Ultimately I'm comparing costs/hassle of a personal application versus hiring a solicitor.
Thanks in Advance.


----------



## mathepac (23 Jan 2009)

ricta said:


> ...
> My Mother has has been named Executrix in a Will, but is unable to carry out her duties. This leaves her with the options of hiring a solicitor to do it, or to give me Power of Attorney to do it for her; ...


AFAIK, your mother cannot give you Power of Attorney over her duties as executrix. Either she must decline the role or act in that role - there are no other options. You (or someone else) will then apply for a Grant of Administration.


----------



## ricta (23 Jan 2009)

mathepac said:


> AFAIK, your mother cannot give you Power of Attorney over her duties as executrix. Either she must decline the role or act in that role - there are no other options. You (or someone else) will then apply for a Grant of Administration.


 
That was said to me by a legal secretary once, she reckoned I wouldn't have the power to make the oath, so I checked with my District Probate Registrary Office and they said it can be done that way. A solicitor has given me a template document he uses for the purpose and I have to go back to him to get it witnessed.


----------



## j26 (23 Jan 2009)

Extraction of probate is common enough under power of attorney.

What you get is a grant of limited duration, limited until the actual executor decides to take one out, at which point the limited one is revoked.  It's usually used where the named executor is living outside the jurisdiction.  People dealing with such a grant often require a solicitors certificate that the grant was still in full force and effect at the date of the transaction (e.g. an assent to the vesting of property in a person).  If doing it yourself, I'm sure an affidavit to that effect would suffice.


----------



## ricta (25 Jan 2009)

ricta said:


> My question is who sells these Bonds, and what is the likely cost of one for €800,000?
> 
> 
> > So, anybody have  anything on this?


----------



## juke (25 Jan 2009)

It's no longer necessary to take out an insurance bond - but it remains an option (eg if the administrator has doubts about their ability to administer the estate correctly)


----------



## ricta (27 Jan 2009)

I've just had clarification on this, a Bond and a Surety are two different things.
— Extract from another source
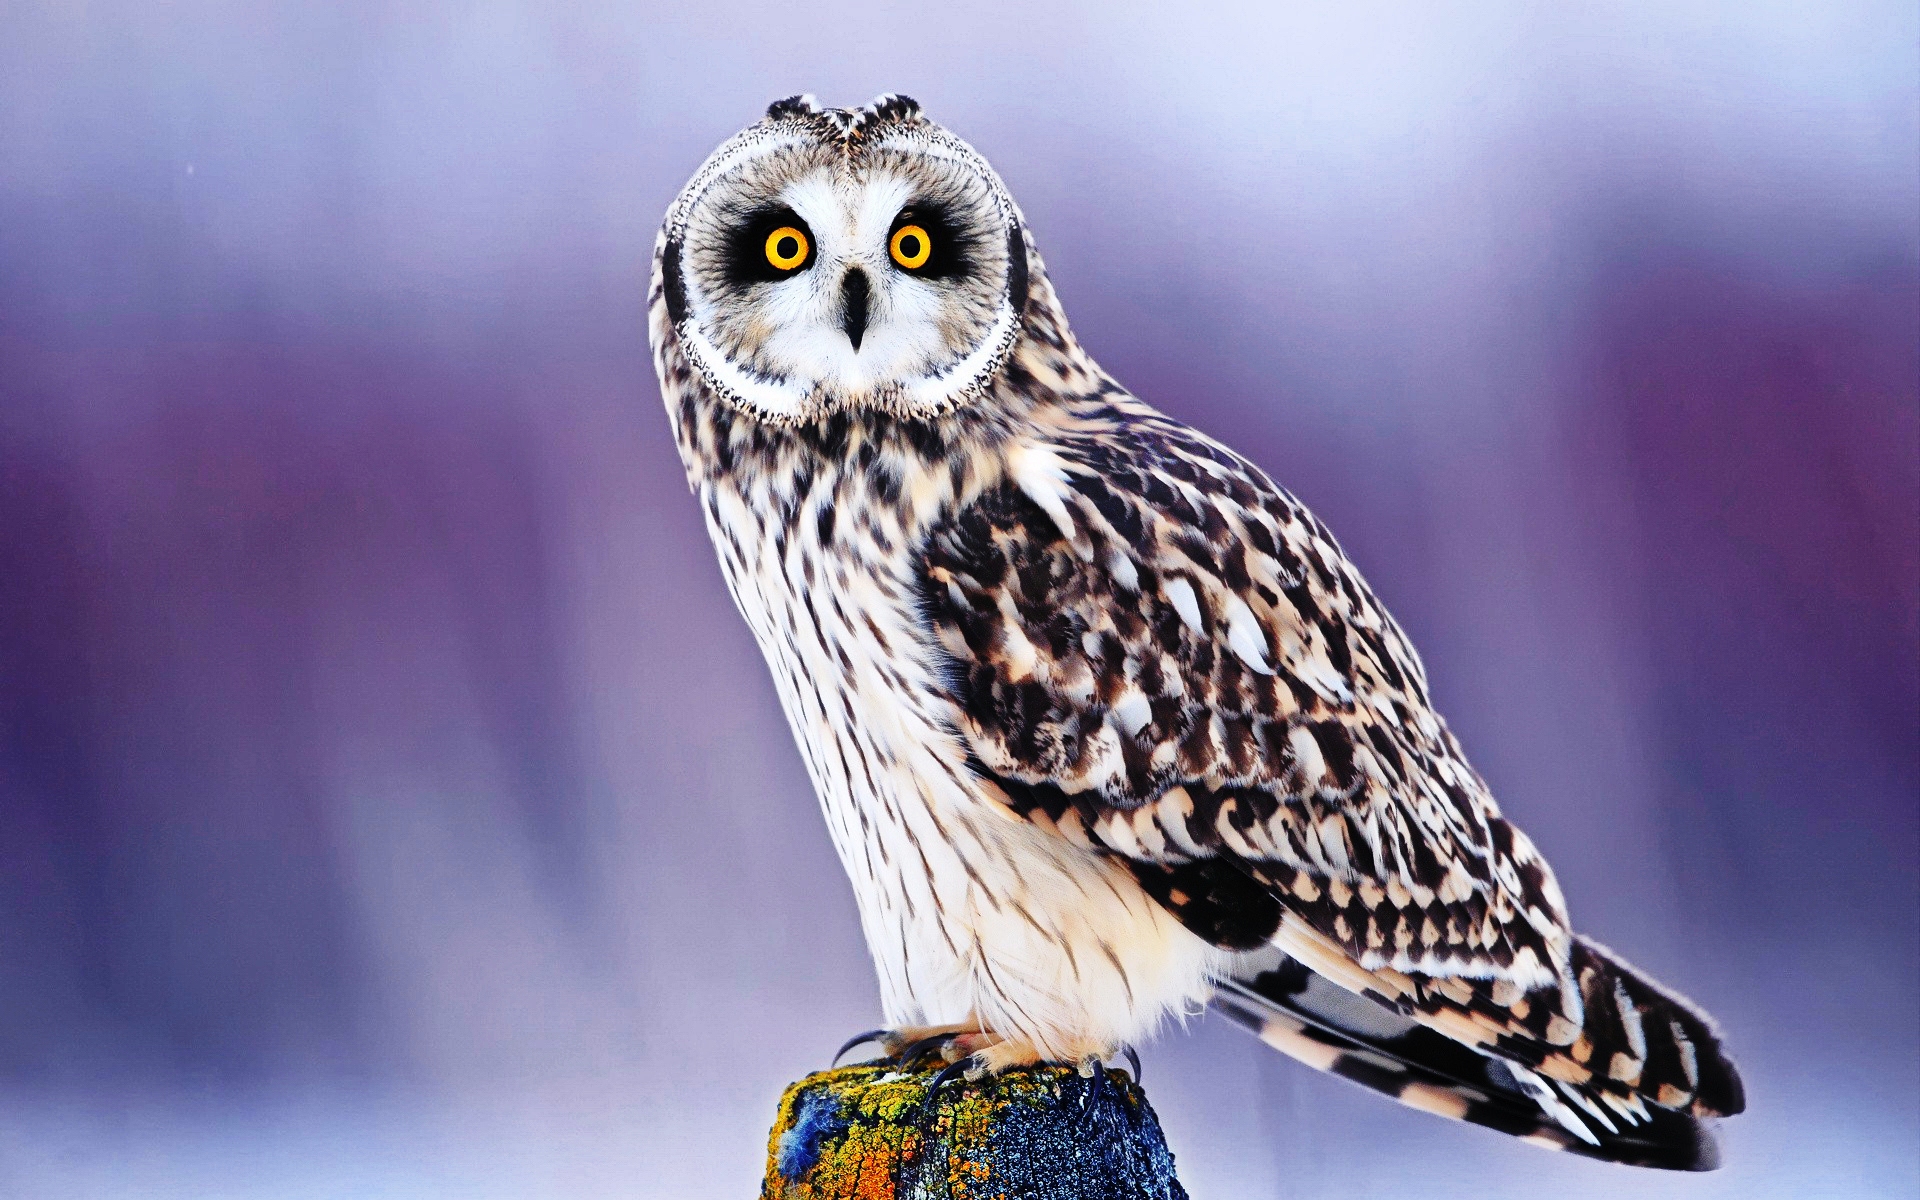 Cute Owl Wallpaper Px High

A Bond is always necessary when someone other than the executor is applying, a Surety is optional.

Does any one know where a Bond can be purchased?


----------



## blackbrera (27 Jan 2009)

Hibernian/Aviva sell them.  I think they cost something like 2 euro per 1000 to be covered.  However, the bond has to be for twice the "penal" value of the estate, which is twice the gross estate (i.e. the net estate is less debts at the date of death).  So if the gross estate is 800,000, then you need a bond for 1,600,000.


----------



## ricta (27 Jan 2009)

Thanks for that good info, Blackbrera.

When a Solicitor is acting for an Executor does s/he have to take out one of these Bonds, or are they already covered by their practice insurance?


----------



## juke (28 Jan 2009)

Ricta, my last response was badly worded. 
One used to have to take out a bond - with an insurance co. as surety. Now you just need a bond - it's not something you need to buy - it's just a document the administrator signs - and which the solicitor prepares. 

If you want the optional surety - that's what you pay for.


----------



## blackbrera (28 Jan 2009)

ricta said:


> Thanks for that good info, Blackbrera.
> 
> When a Solicitor is acting for an Executor does s/he have to take out one of these Bonds, or are they already covered by their practice insurance?
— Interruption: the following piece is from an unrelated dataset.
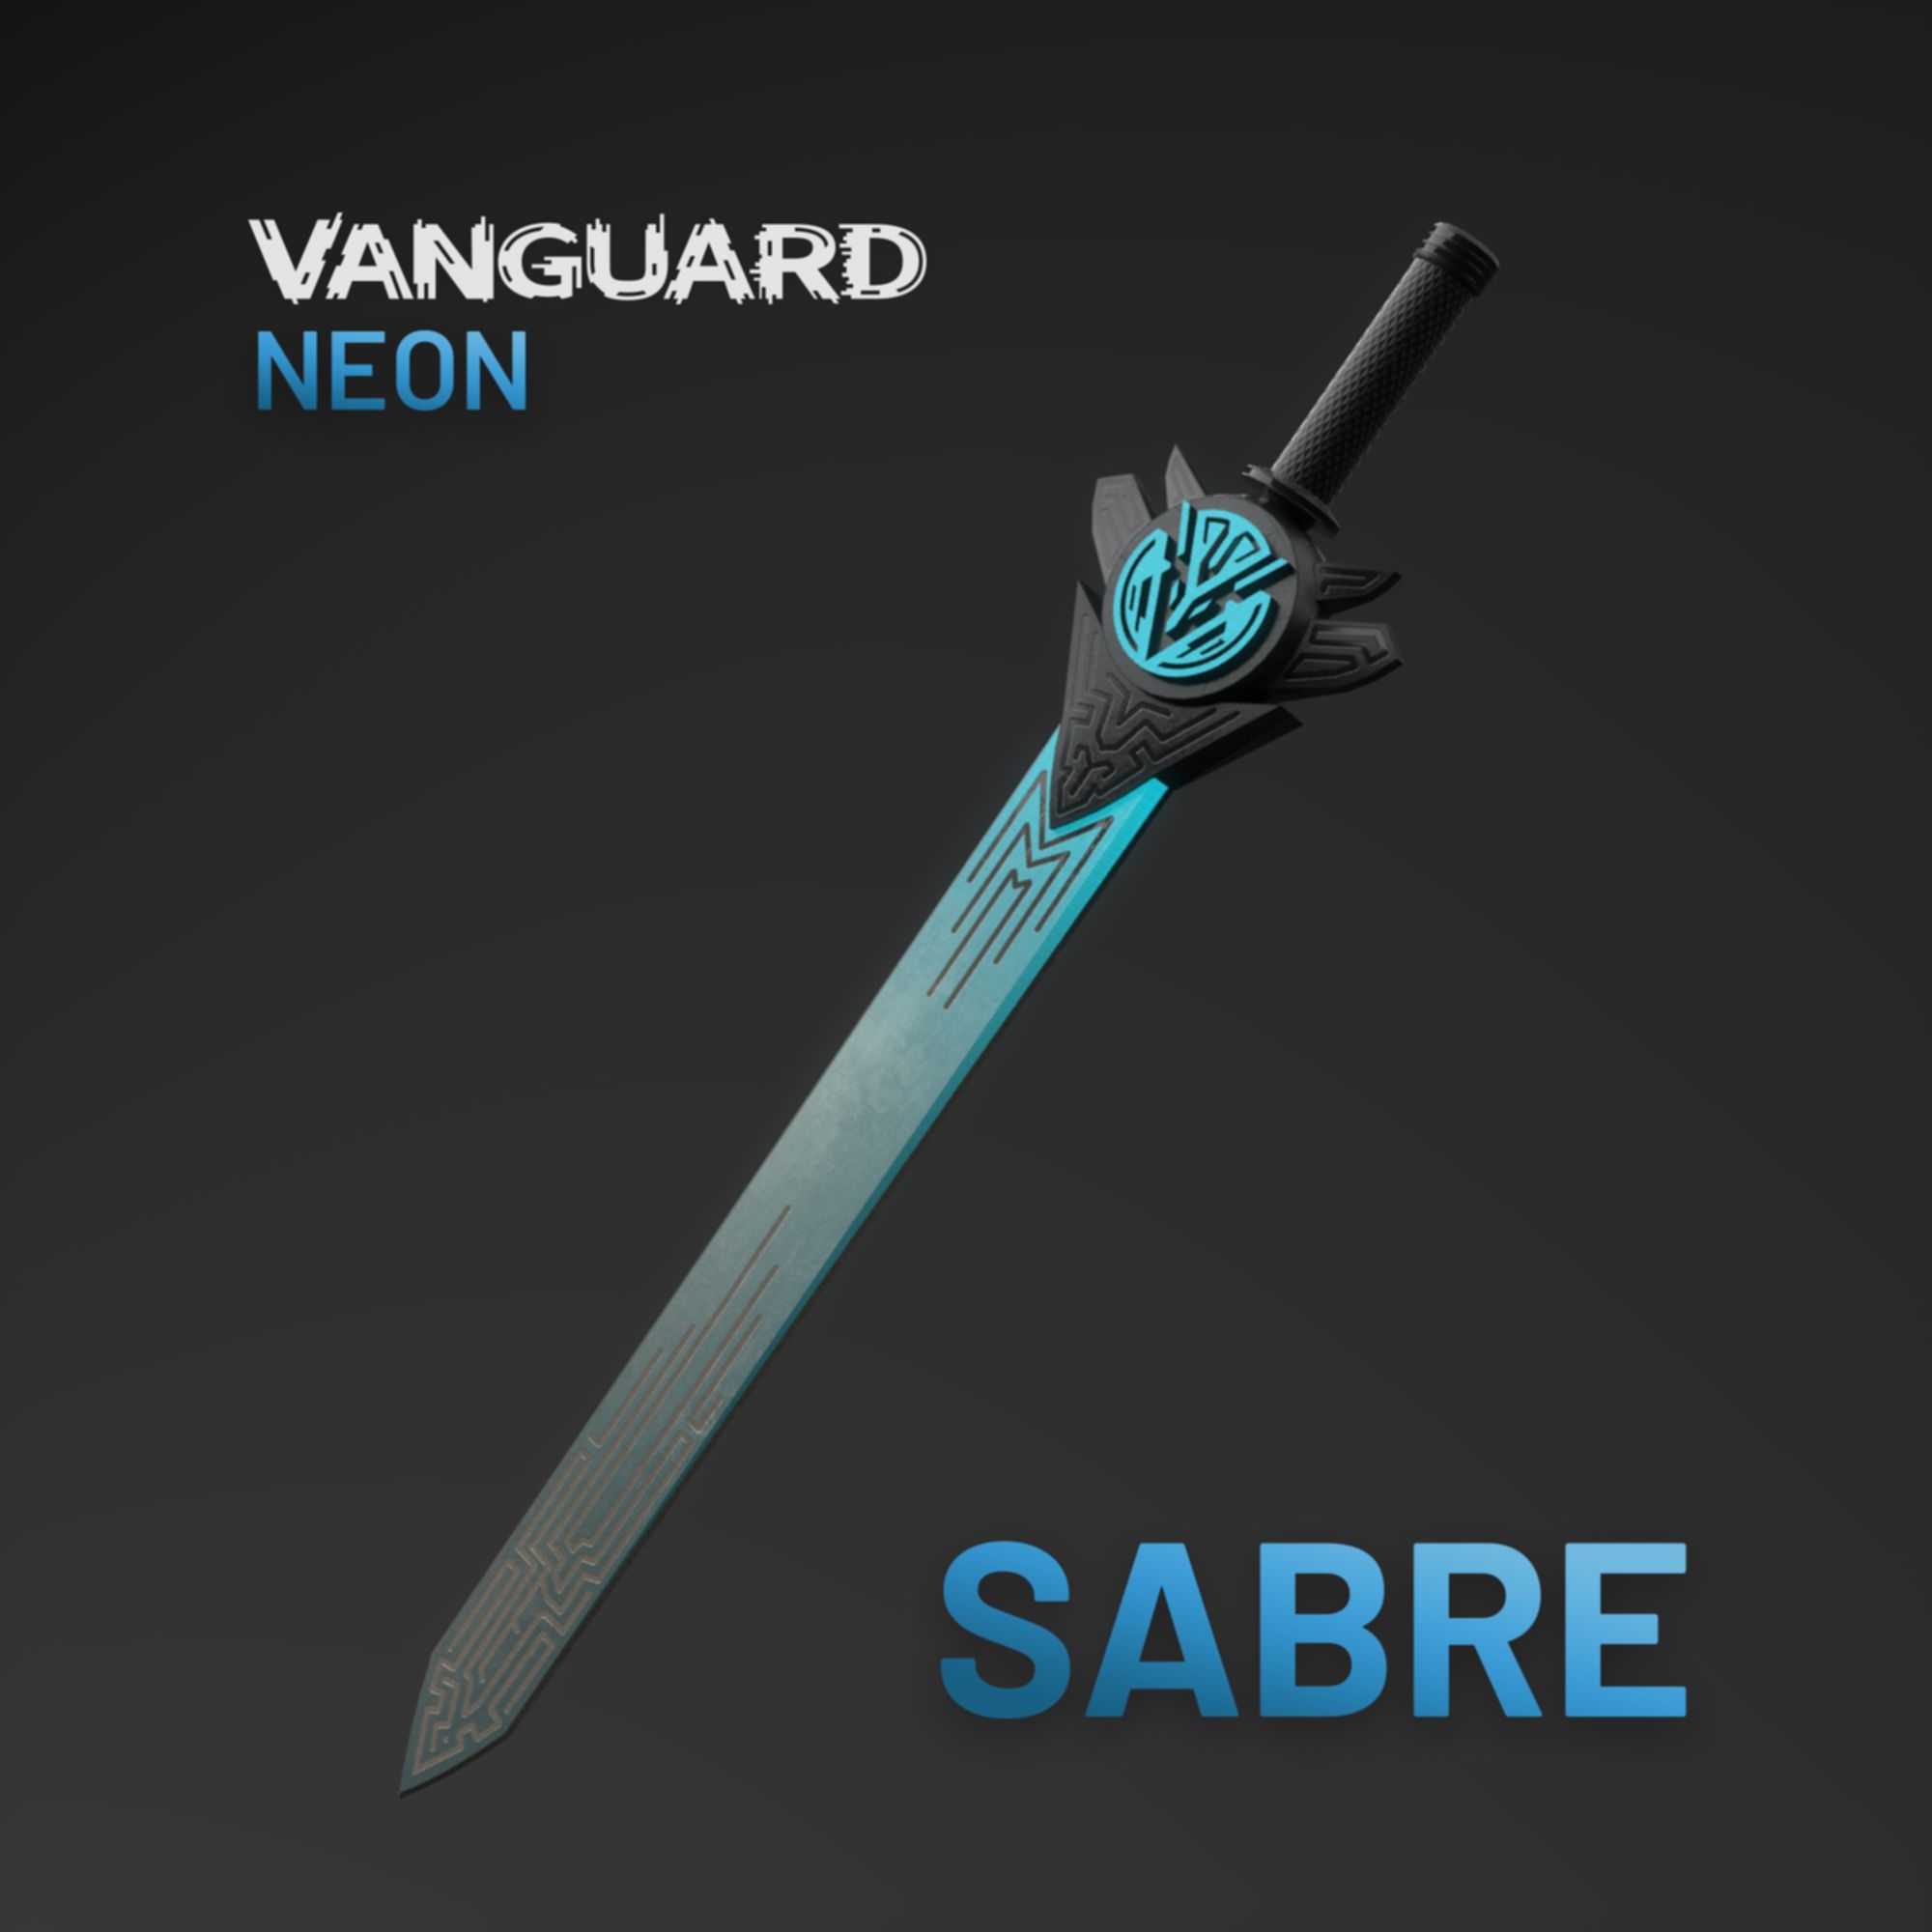 Vanguard Neon Sabre

It's a seperate matter, completely seperate to practice insurance


----------



## mjkearns (15 Apr 2009)

ricta said:


> I've just had clarification on this, a Bond and a Surety are two different things. A Bond is always necessary when someone other than the executor is applying, a Surety is optional.
> 
> Does any one know where a Bond can be purchased?


 
Hibernian Aviva issue Administration Bonds.  You can download the proposal forms and Administration Bond from their website at the following web addresses [broken link removed] and
[broken link removed].
You will have to modify the wording of the standard form bond to provide for the fact that it is a Will Annexed administration bond.
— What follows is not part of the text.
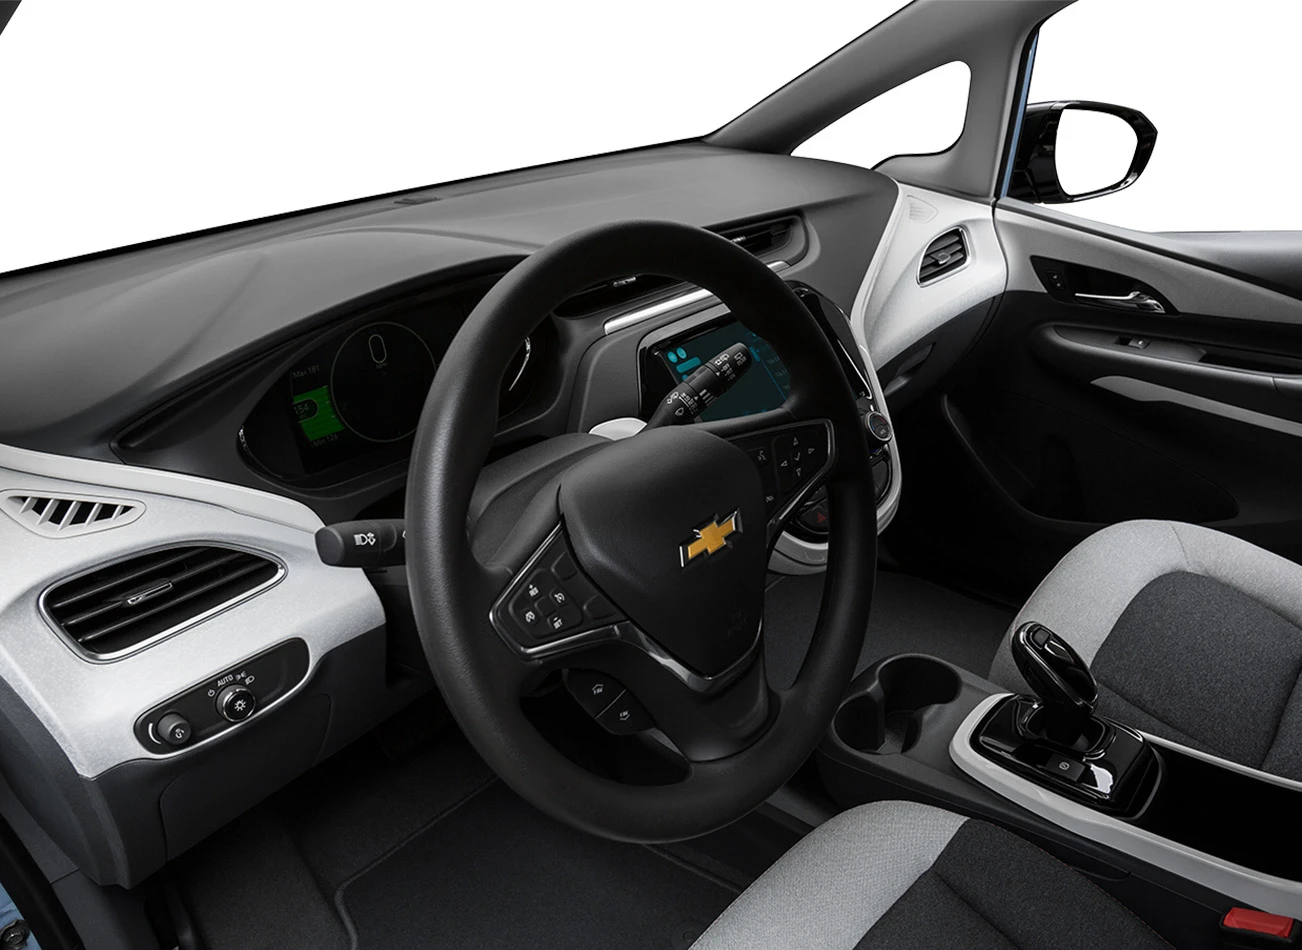 2018 Chevrolet Bolt EV: Steering wheel

RSA (Royal & Sun Alliance) certainly formerly issued Administration Bonds but I do not know if they continue to do so.

The necessity for having a surety no longer exists.  The insurance company is the surety and you would be the principal.  A bond by the principal solely is sufficient provided he or she has assets to meet the penal amount required by the bond (i.e. twice the gross value of the estate of the deceased).  Because you will have control over the administration and will therefore be satisfied that you are correctly administering the estate according to the provisions of the will then you are not at substantial risk under the terms of the bond.

Either of the insurance companies will give you a quote for the once off premium that is charged for a bond if you consider it wise to involve them.  Given the foregoing it might be considered a waste of money.


----------